There is a presumption of harm caused by errors in regard to the
admission or exclusion of evidence in a jury trial which requires
the reversal of the judgment unless the record clearly shows the
absence of harm.
The extent to which the law officers of the government will use
evidence of persons already convicted of the crime of conspiracy
for which defendant is also indicted is within their discretion,
and their action will not be reviewed by the courts; but the
evidence of such witnesses is to be received with caution and
suspicion, and is not entitled to the same credence as that given
to ordinary witnesses.
In considering whether error in excluding defendant's evidence
in a criminal trial is reversible, it is not enough that inferences
favorable to defendant might have been drawn from some of the
admitted testimony; he is entitled to state directly on oath facts
that are relevant.
While a book of accounts may be inadmissible as evidence so far
as it relates to accounts between the parties, it may be admissible
as written corroborative evidence, and as part of a transaction, to
be submitted to the jury for what it is worth.

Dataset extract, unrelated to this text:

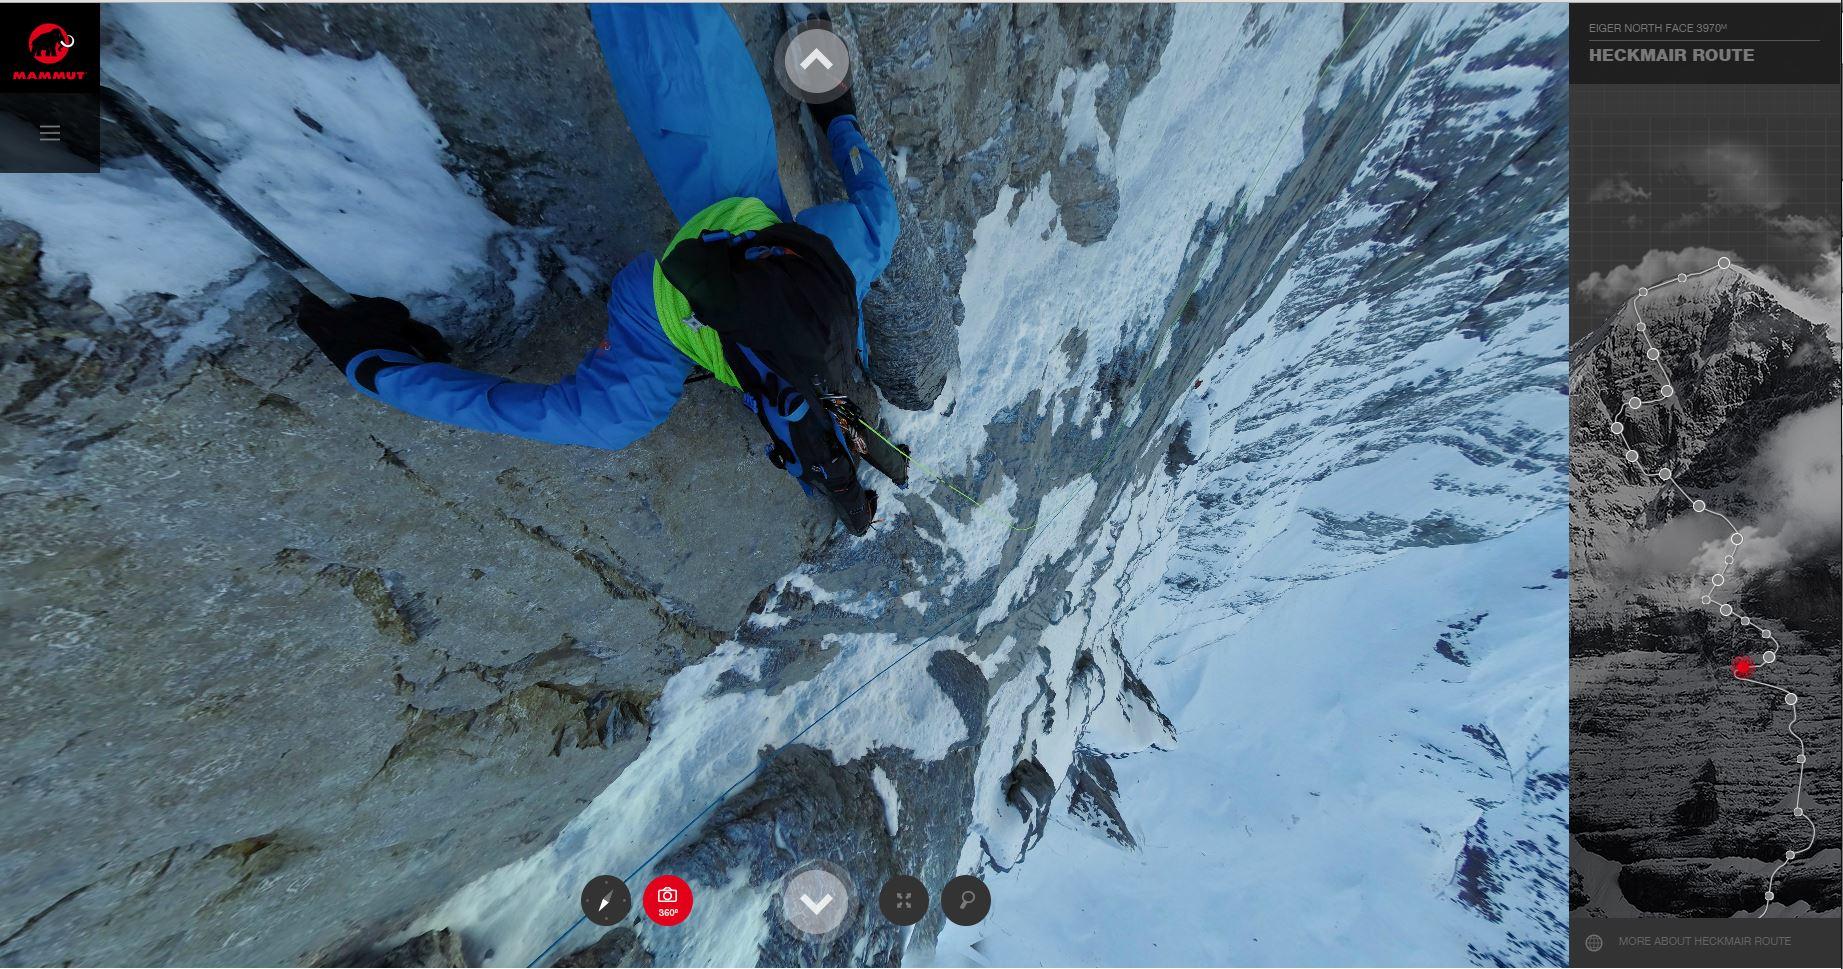 Eiger Nordwand: Mammuts #project360 vermittelt die Heggmair-Route lebensnah. (Bild: Mammut)
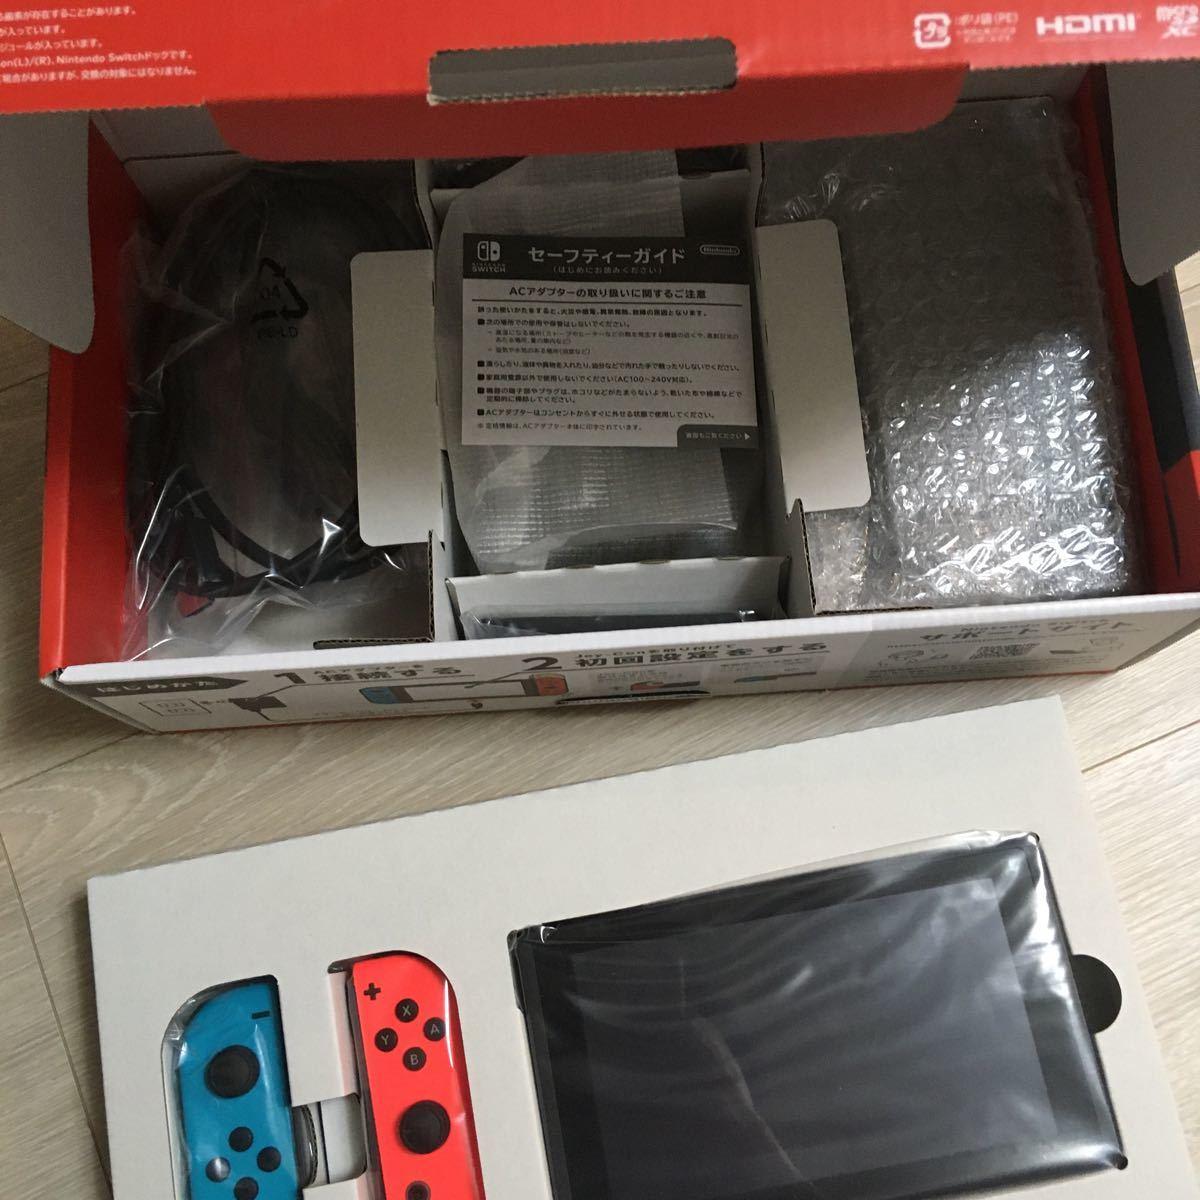 ニンテンドースイッチ最新型 Nintendo Switch ネオンレッドブルー

30 App.D.C. 1 sustained as to sufficiency of indictment and
reversed on other points.
On the third of April, 1905, in the Supreme Court of the
District of Columbia, the defendant was indicted, together with
George E. Lorenz and August W. Machen, for a conspiracy to defraud
the United States, by means stated in the indictment, and in
relation to a contract between the Postal Device & Lock
Company, a corporation of the State of New Jersey, and the Post
Office Department of the United States, by which the company was to
furnish certain satchels to the Department for the use of the
letter carriers in the free delivery system of the government.
Page 212 U. S. 185
The indictment was founded upon § 5440 of the Revised
Statutes of the United States, which reads as follows:
"If two or more persons conspire either to commit any offense
against the United States, or to defraud the United States in any
manner or for any purpose, and one or more of such parties do any
act to effect the object of the conspiracy, all the parties to such
conspiracy shall be liable to a penalty of not more than ten
thousand dollars, or to imprisonment for not more than two years,
or to both fine and imprisonment, in the discretion of the
court."
Nearly two years before the finding of this indictment
(
viz., in July, 1903), the defendant had been indicted in
the same court by two different indictments, relating to the same
general subject matter as the one found in April, 1905 -- one
indictment charging him with conspiring (together with Lorenz and
Machen) against the United States by agreeing to present false
bills of account to the Post Office Department, in relation to the
contract mentioned, for supplying the Department with satchels for
letter carriers, in alleged violation of § 5438 of the Revised
Statutes. The other indictment was against the defendant
individually for presenting false claims to a clerk in the Post
Office Department under this same contract, and in violation of the
same section of the Revised Statutes. Upon motion, the three
indictments were consolidated for the purpose of trial of the
defendant and were tried together, a severance in the conspiracy
indictments having been granted upon the defendant's motion for his
separate trial. The two indictments found in 1903 have been so
disposed of in the court below that no question arises in regard to
either.
Upon the trial, the defendant was convicted, as hereinafter more
particularly stated, and he then appealed from the judgment entered
upon the verdict of conviction to the Court of Appeals of the
District, where it was affirmed by a divided court, Mr. Chief
Justice Shepard dissenting. 30 D.C. App. 1.
Page 212 U. S. 186
MR. JUSTICE PECKHAM, after making the foregoing statement,
delivered the opinion of the Court.
The defendant was convicted on the first count of the indictment
found in April, 1905 (which contained six counts), and was
acquitted on the fifth and sixth counts. The court having, previous
to the trial, sustained a demurrer to the second, third, and fourth
counts, there is nothing left under this indictment except the
conviction of defendant on the first count, and the question to be
considered at the outset is as to the sufficiency of that count.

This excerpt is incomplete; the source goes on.